The Baby Blues and Postpartum Depression
產后抑郁
Voice 1: Hello, I'm Ryan Geertsma.
聲音1:大家好,我是瑞安·吉爾茲瑪。
Voice 2: And I'm Ruby Jones. Thank you for joining us for today's Spotlight program.
聲音2:我是魯比·瓊斯。謝謝大家收聽今天的重點報道節目。
Voice 3: "I had my first and only child in 2001. I went through a long labour and delivery — about twenty-six hours. My parents came to stay with me for a week to help with the baby. Things were going well and then all of the sudden, when my parents were walking out the door... I could not breathe, my heart was beating very fast, I was completely confused and I started crying uncontrollably. My husband said it was just hormones and that it was a normal thing for me to be going through."
聲音3:“2001年我有了第一個孩子,這也是我唯一的孩子。我經歷了長時間的分娩——大約26小時。我父母過來陪了我一個星期,他們幫忙照顧孩子。事情進展得順利,但我父母一離開,我突然開始無法呼吸,心臟劇烈跳動,我完全陷入混亂中,開始不由自主地哭泣。我丈夫說這只是荷爾蒙在作祟,是正常情況。”

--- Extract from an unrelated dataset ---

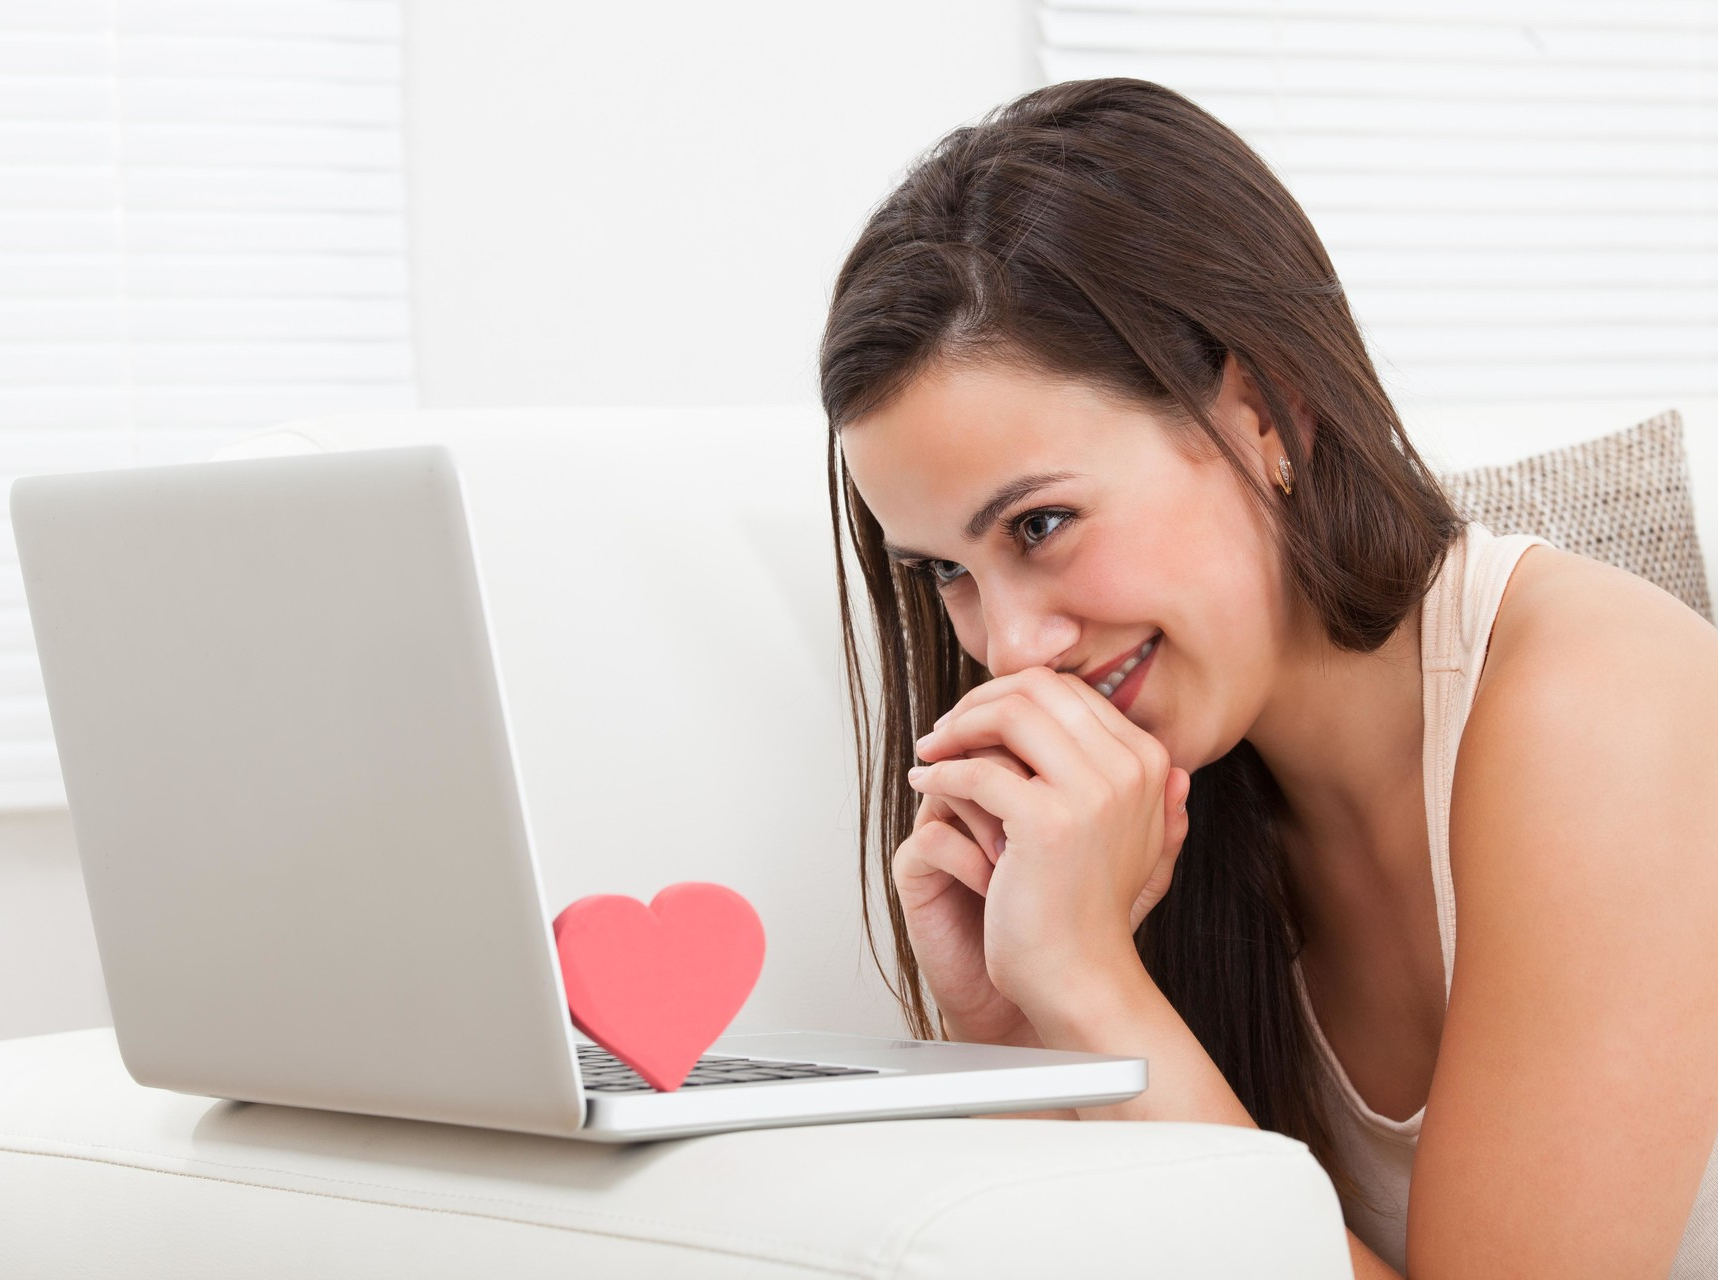 5 мифов об интернет-знакомствах, которые мешают построить счастливыеотношения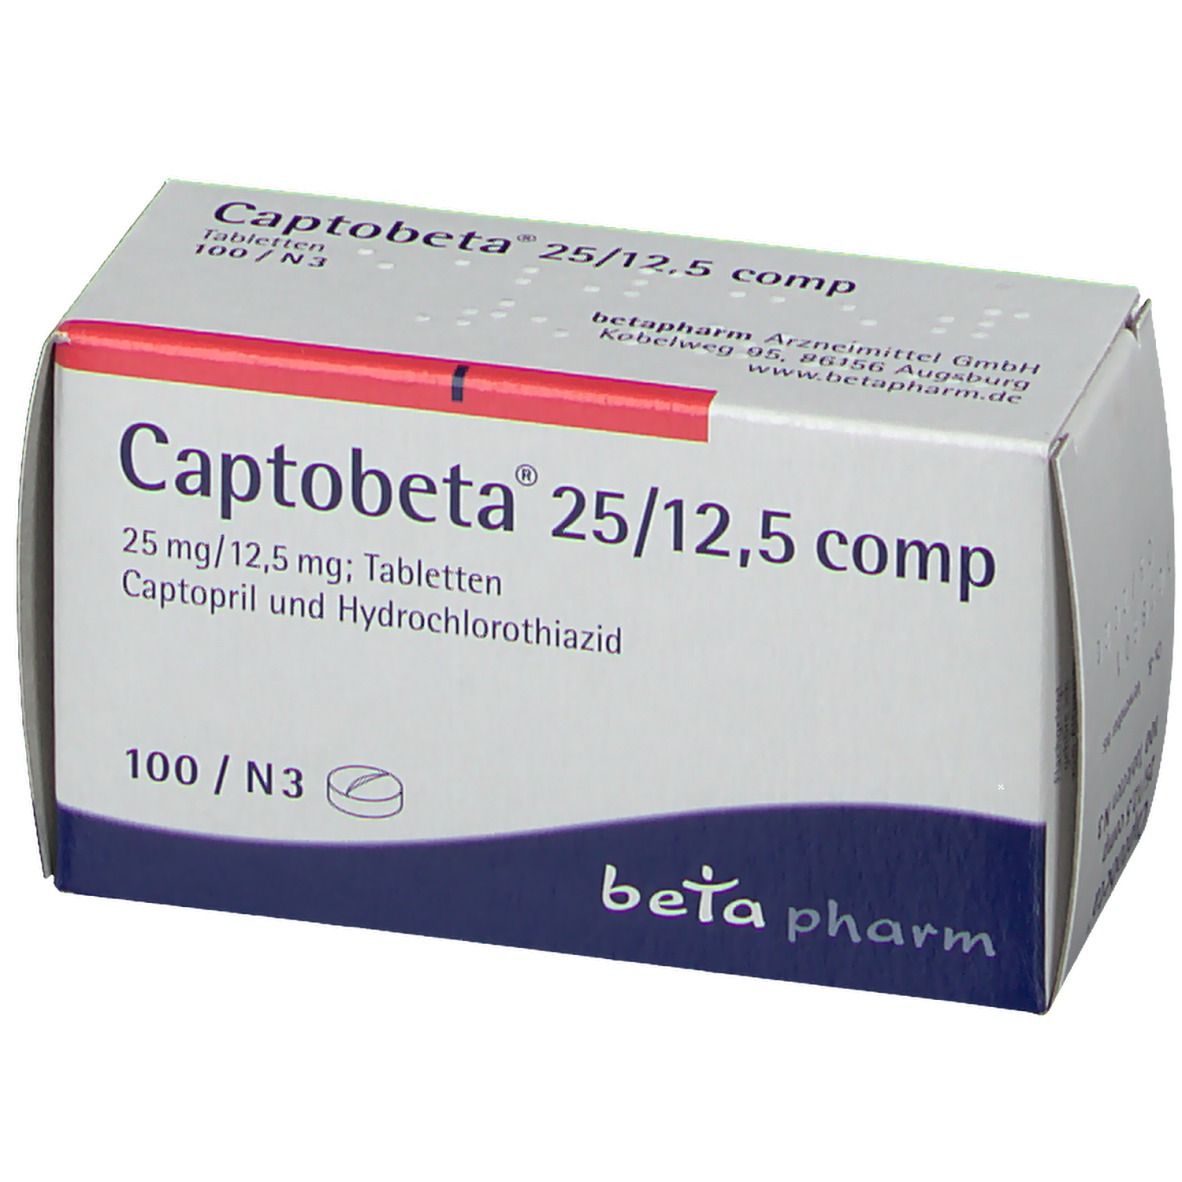 Captobeta® 25/12,5 comp

"But I could not eat anything. And within a few weeks I was smaller than I was before I was pregnant. All I did all day was sit and look at the clock waiting for my husband to come home. I had to force myself to pick up my crying daughter and hold her and feed her. I...did not feel like a proud mother. And with that, I felt so guilty. I actually thought about giving my daughter up for adoption. I thought anyone would be a better mother to her than me. I just wanted to run away to start over."
“但我什么也吃不下。幾周之后我就比懷孕之前還要瘦。我一整天都坐著,盯著時鐘等待我丈夫回家。我不得不強迫自己去抱哭泣的女兒,抱著喂她。我認為自己不是個能引以為豪的母親。基于這種情況,我感到很內疚。我甚至想過將女兒交給別人撫養。我曾以為任何人都比我更適合撫養她。我只想逃跑,然后重新開始。”